Sisters of St. Francis of the Holy Cross in Green Bay, WI

Sacred space in an empty place

Sacred space in an empty place
First Christmas at the convent reveals a lesson in hope in a makeshift chapel

My favorite theology teacher once told our class that every time we read or hear the Gospel we should ask ourselves two questions:

  1. What in this passage disturbs me?
  2. What gives me hope?

It is disturbing that there was no room for Jesus the night of his birth in Bethlehem. Someone finding a place for him gives us all hope.

This Christmas, as the Sisters of St. Francis of the Holy Cross conclude a year-long celebration of the 150th anniversary of their beginning as a religious community, I can’t help reflecting on my first Christmas in the convent. As the season approached that year I was feeling very disappointed. Our convent chapel was undergoing a renovation, and it became clear that the project would not be finished by December 25. Our large community room had been made into a makeshift chapel. Rows of folded chairs took up one-third of the room. When it was time for Mass or community prayer, the doors to the small television room were opened, and we sat before the altar and tabernacle.

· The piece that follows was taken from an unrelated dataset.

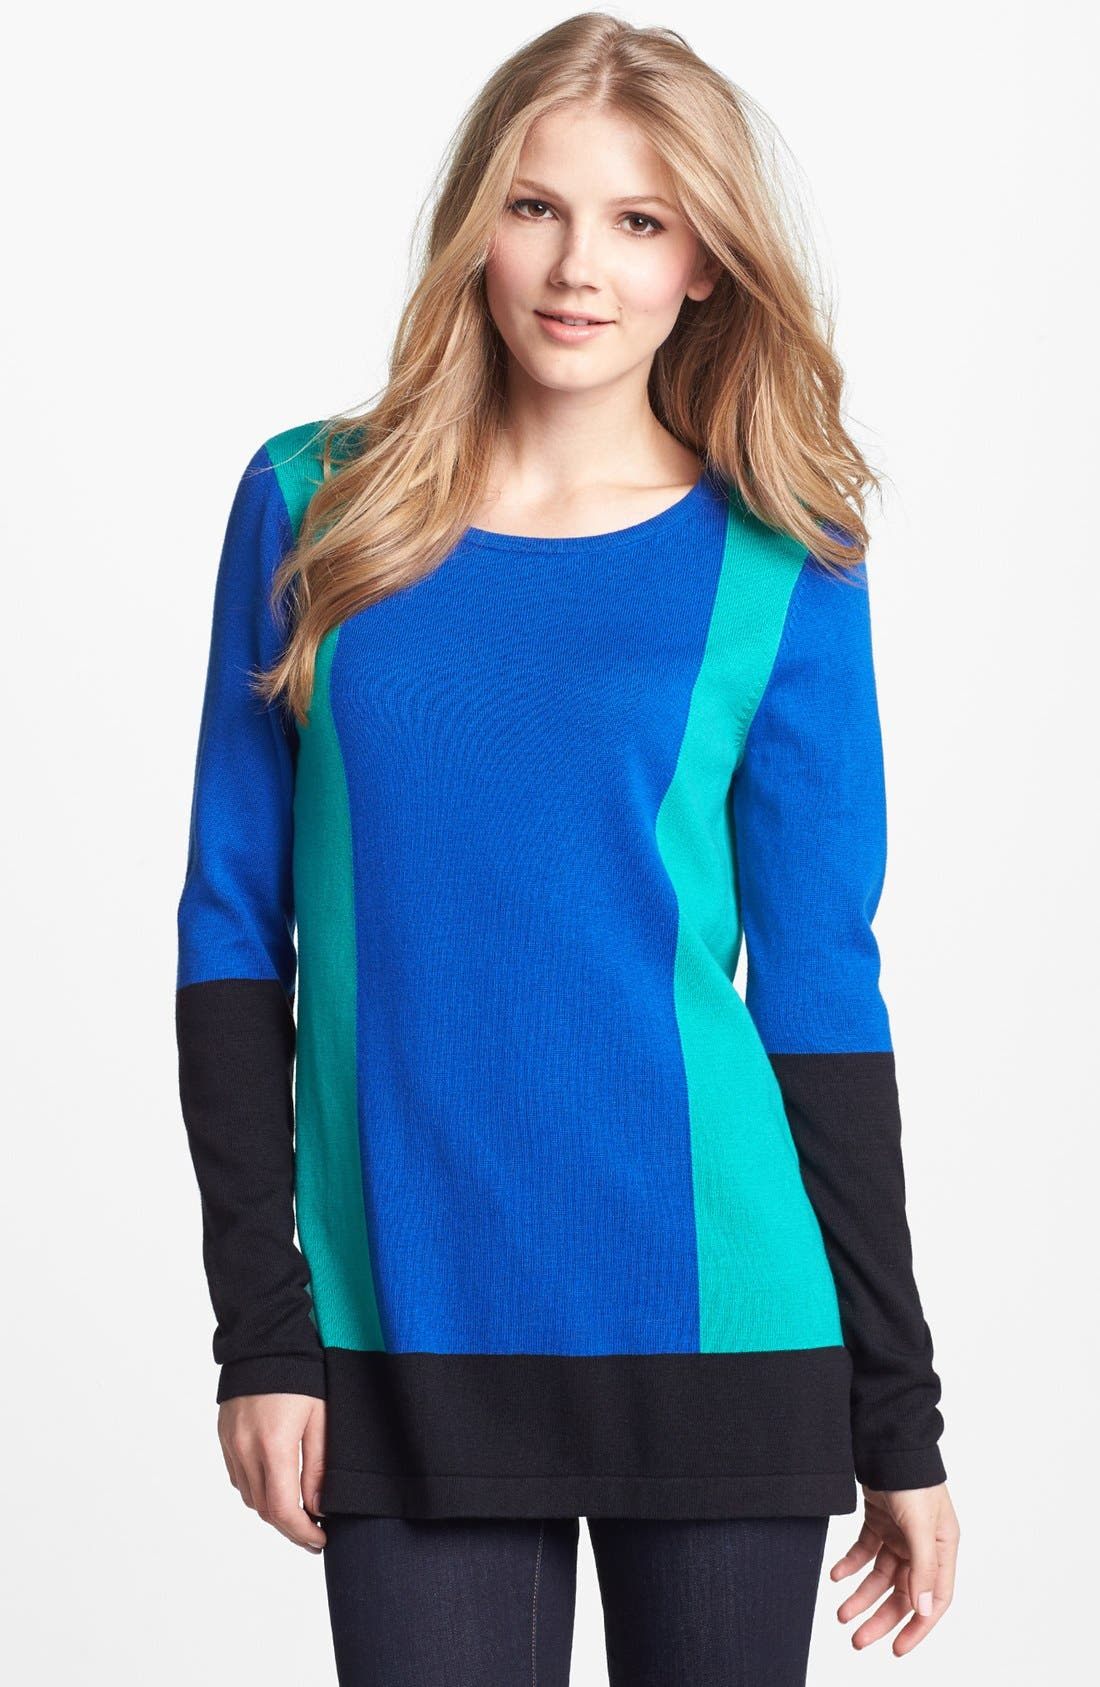 Alternate Image 1 Selected - Vince Camuto Colorblock Cotton Blend Sweater (Petite)
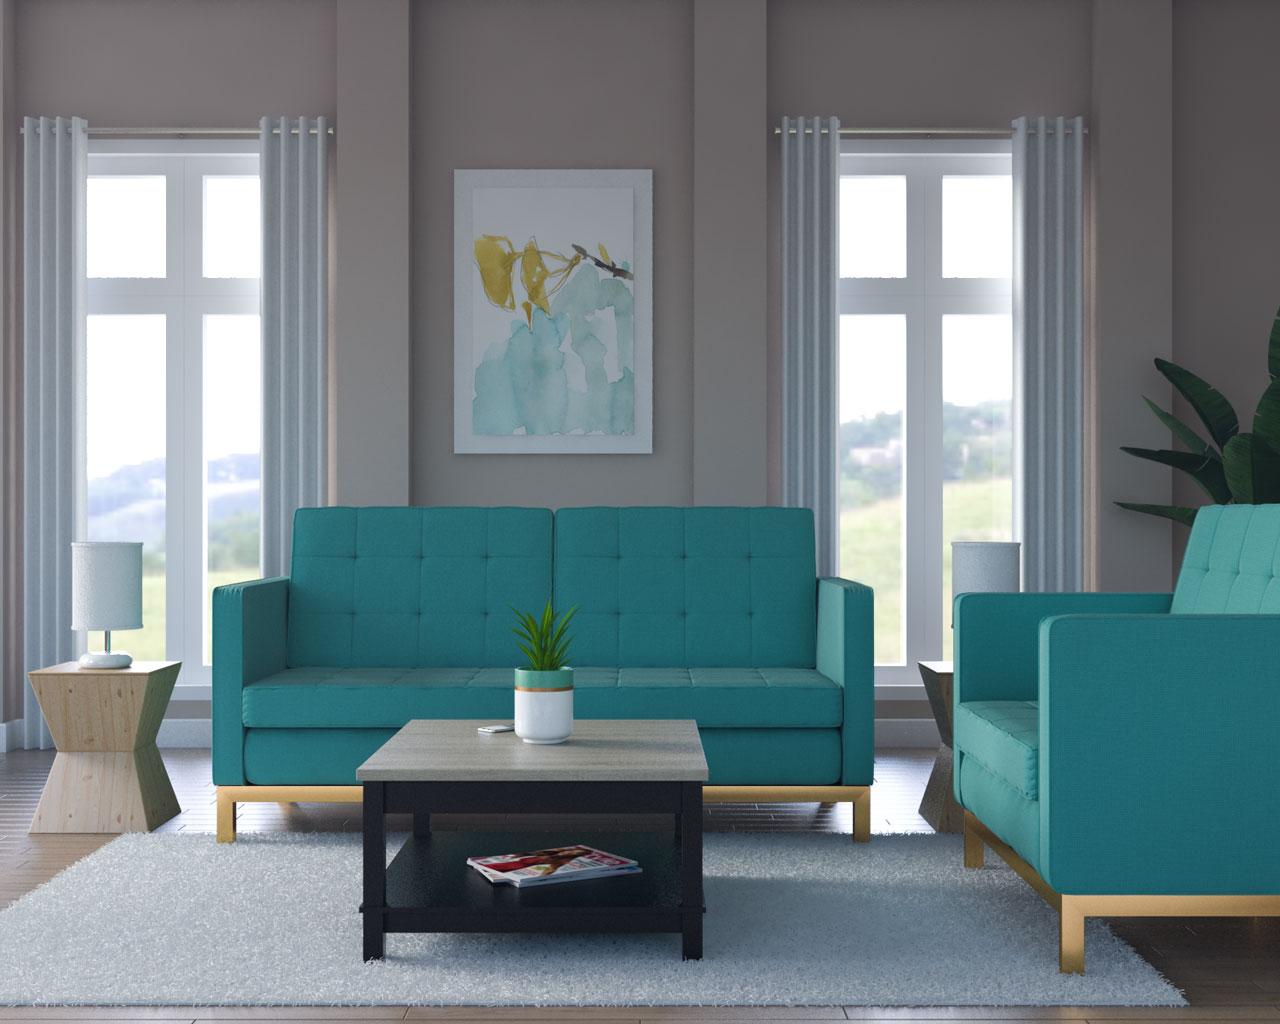 Tan walls with teal furniture

As we entered into the fourth week of Advent we were told that the TV room was much too small for Christmas trees or the Nativity Scene.

I remember so well that morning of December 24, 1964, when I sat in our “chapel” meditating on the sacred story and focusing on the innkeeper. I kept asking myself if he really knew what was really going on that day. By that time a scrawny tree had appeared next to the altar. In the evening, when we gathered to pray Vespers, there was a manger with the Christ Child in front of that tree. That was it – no statues, no lights, no additional decorations. But something lit up inside of me. To be with a community of Sisters, each one having committed her life to God, to be praying and singing with them in the context of the story of the Incarnation, touched me very deeply. It far exceeded my expectations of Christmas in the convent. I was becoming aware of what was really going on within me.

A couple of days after Christmas our parents came to visit us. My father took me aside and told me that he thought I would never be able to be away from home for Christmas, but now that I had done it, he thought I would stay in the convent. He was right; I was home. That empty place in the building had opened a space in my heart.